Condition for reproducing:

1. Consumer thread initiates rejoin to the group because of commit timeout. Call of `AbstractCoordinator#joinGroupIfNeeded` which leads to `sendJoinGroupRequest`.
2. `JoinGroupResponseHandler` writes to the `AbstractCoordinator.this.generation` new generation data and leaves the` synchronized` section.
3. Heartbeat thread executes `mabeLeaveGroup` and clears generation data via `resetGenerationOnLeaveGroup`.
4. Consumer thread executes `onJoinComplete(generation.generationId, generation.memberId, generation.protocol, memberAssignment);` with the cleared generation data.
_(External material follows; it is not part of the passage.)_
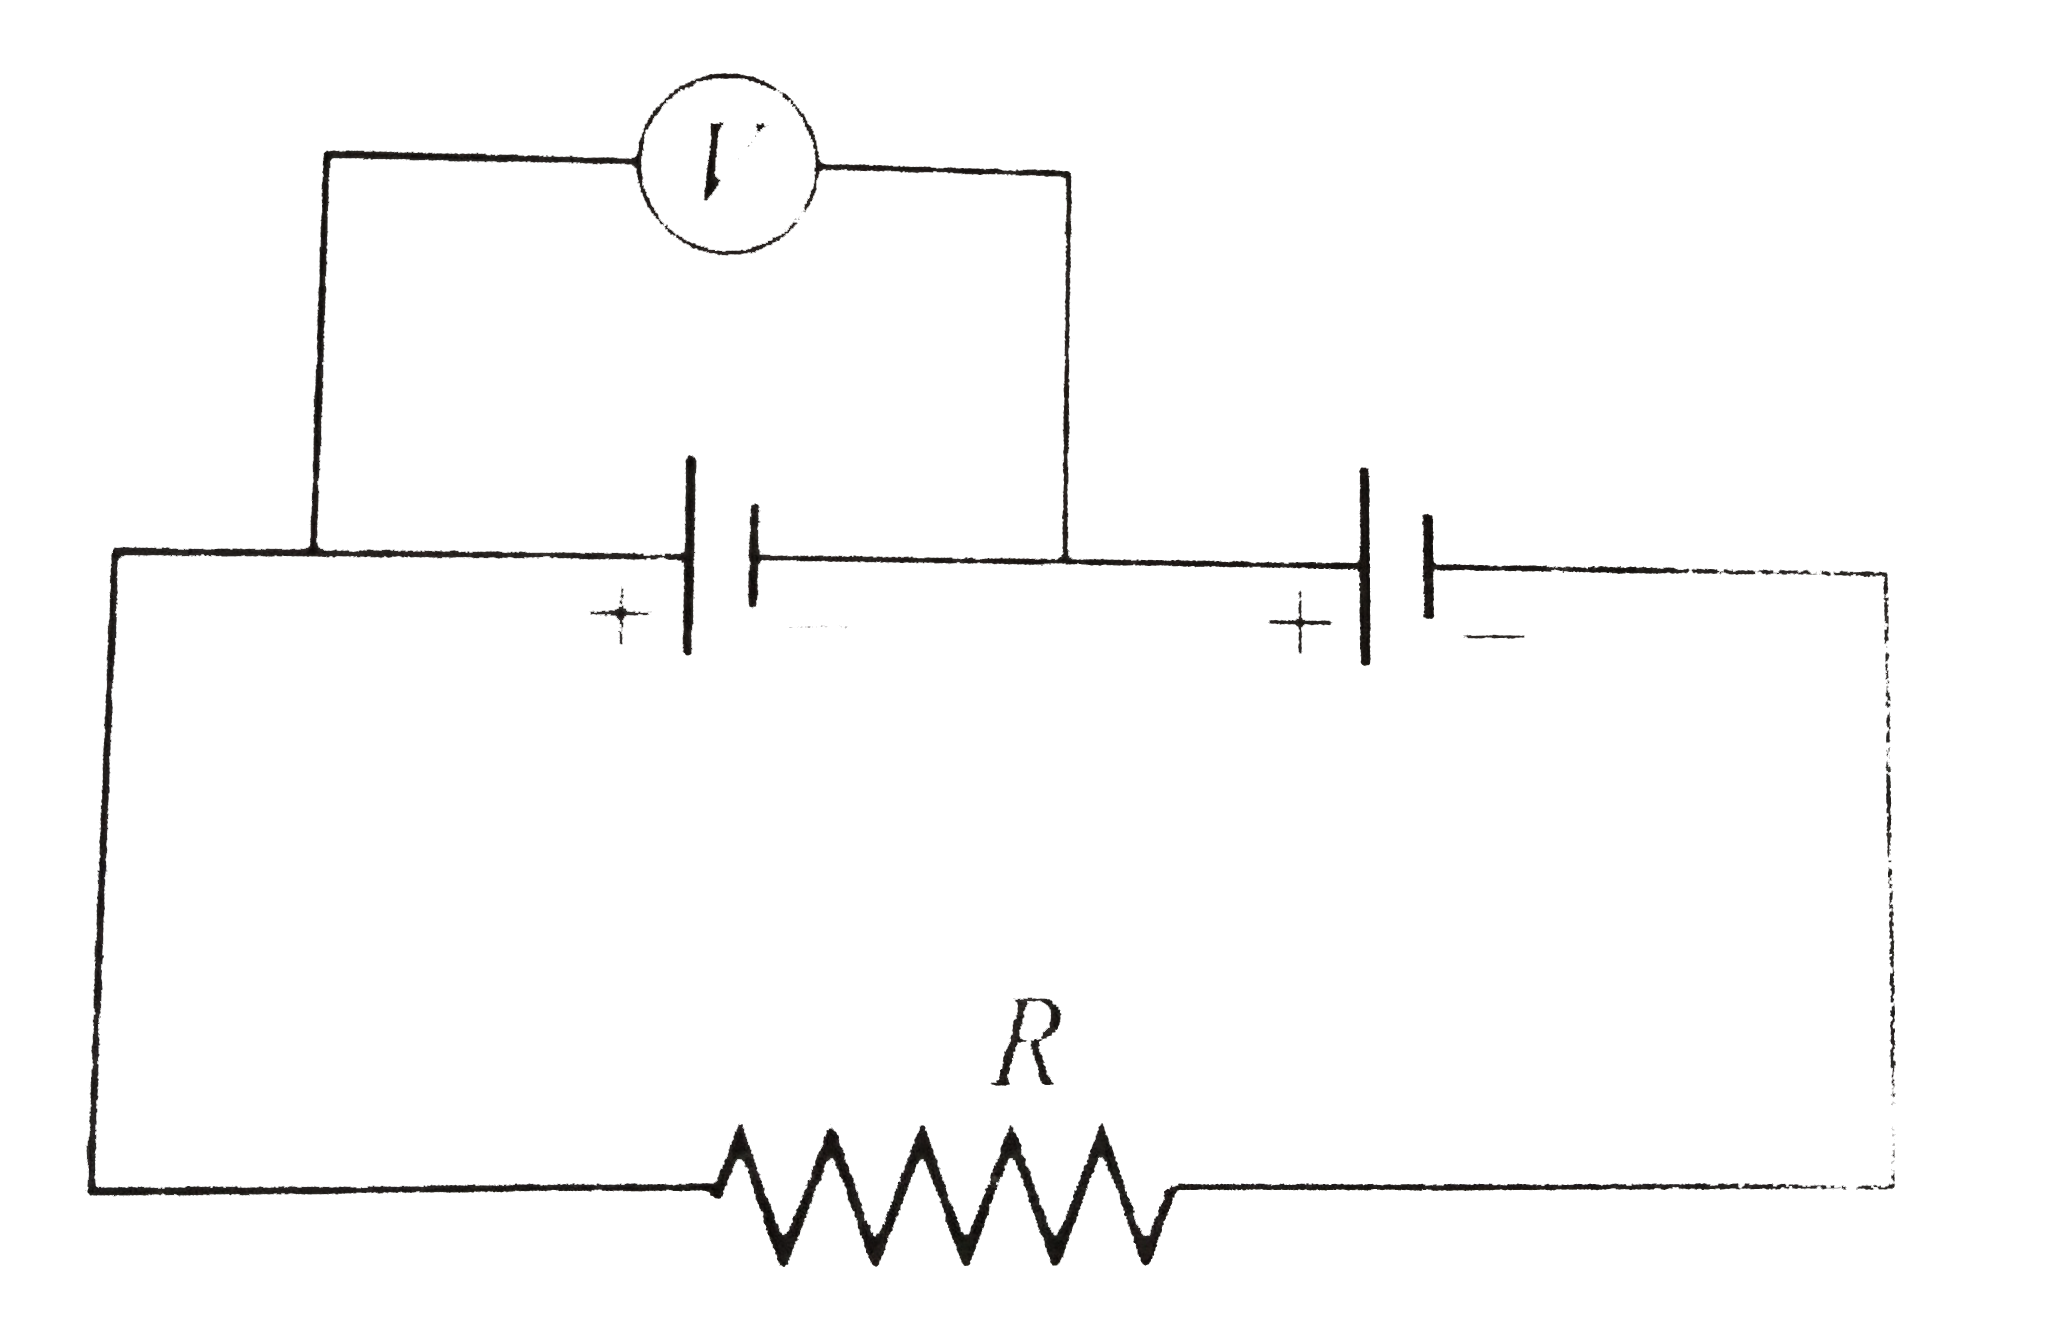 In Fig. two cells have equal emf E but internal resistances  are r1 and r2. If the reading of the voltmeter is zero, then relation between R, r1 and r2 is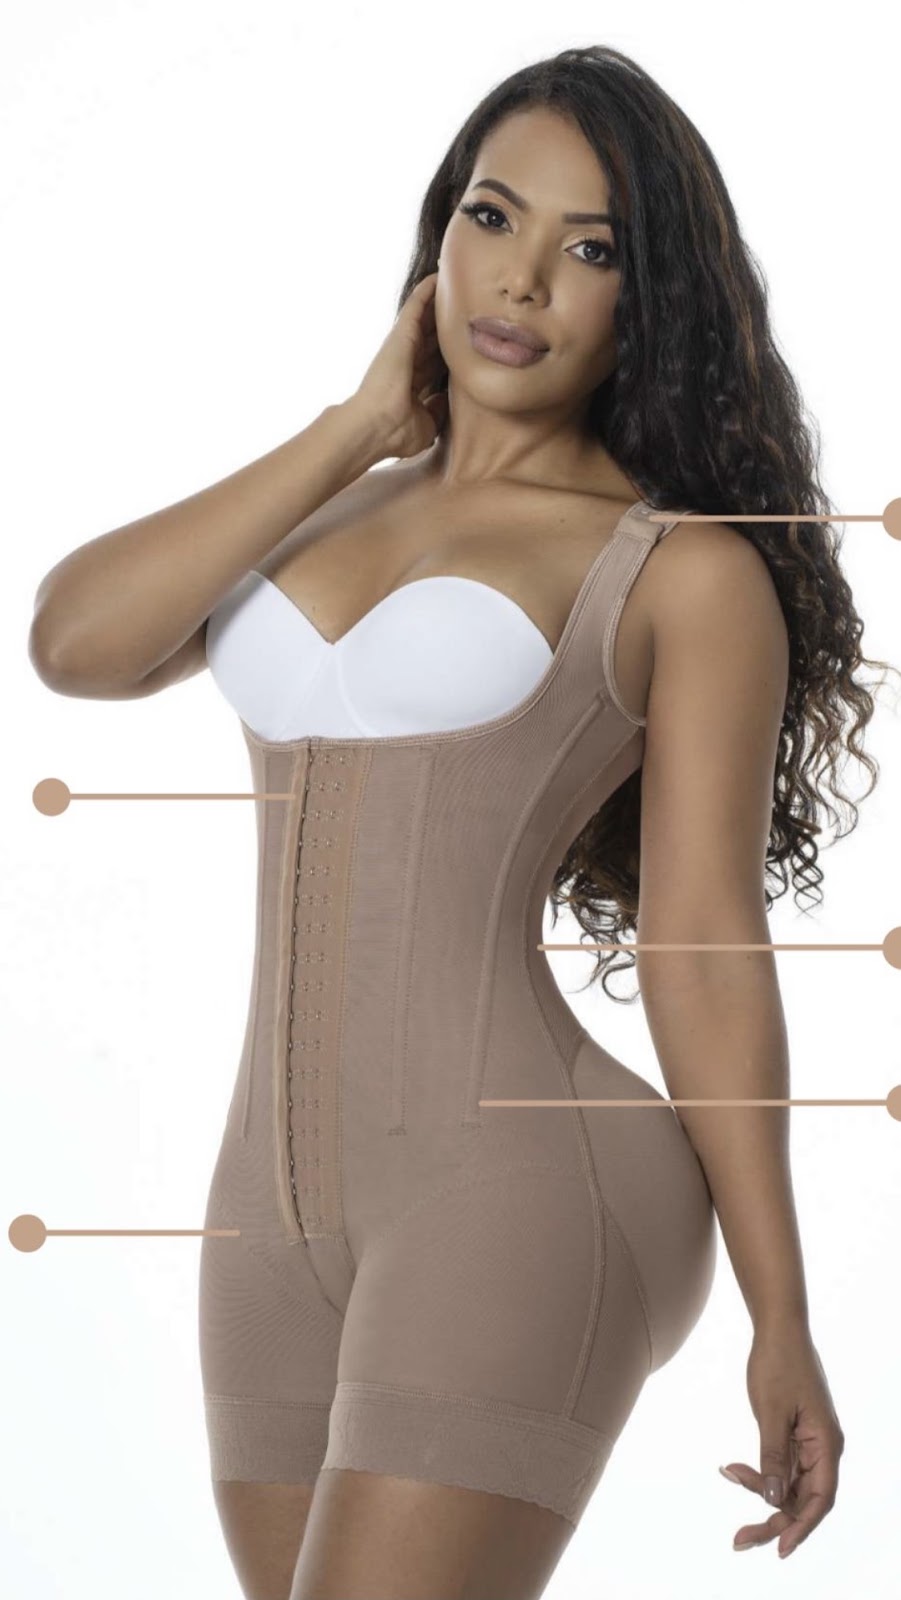 Rosys Shapers | 17409 Valley Blvd #10, Bloomington, CA 92316, USA | Phone: (800) 807-9194

This leads to the corresponding
exception.

The race fixed with the condition in `maybeLeaveGroup`: if we have ongoing rejoin process in consumer thread there is no reason to reset generation data and send `LeaveGroupRequest` in heartbeat
thread.

This PR contains unfair "reproducer".
It implemented with the `CountDownLatch` that imitates described race in `AbstractCoordinator` code.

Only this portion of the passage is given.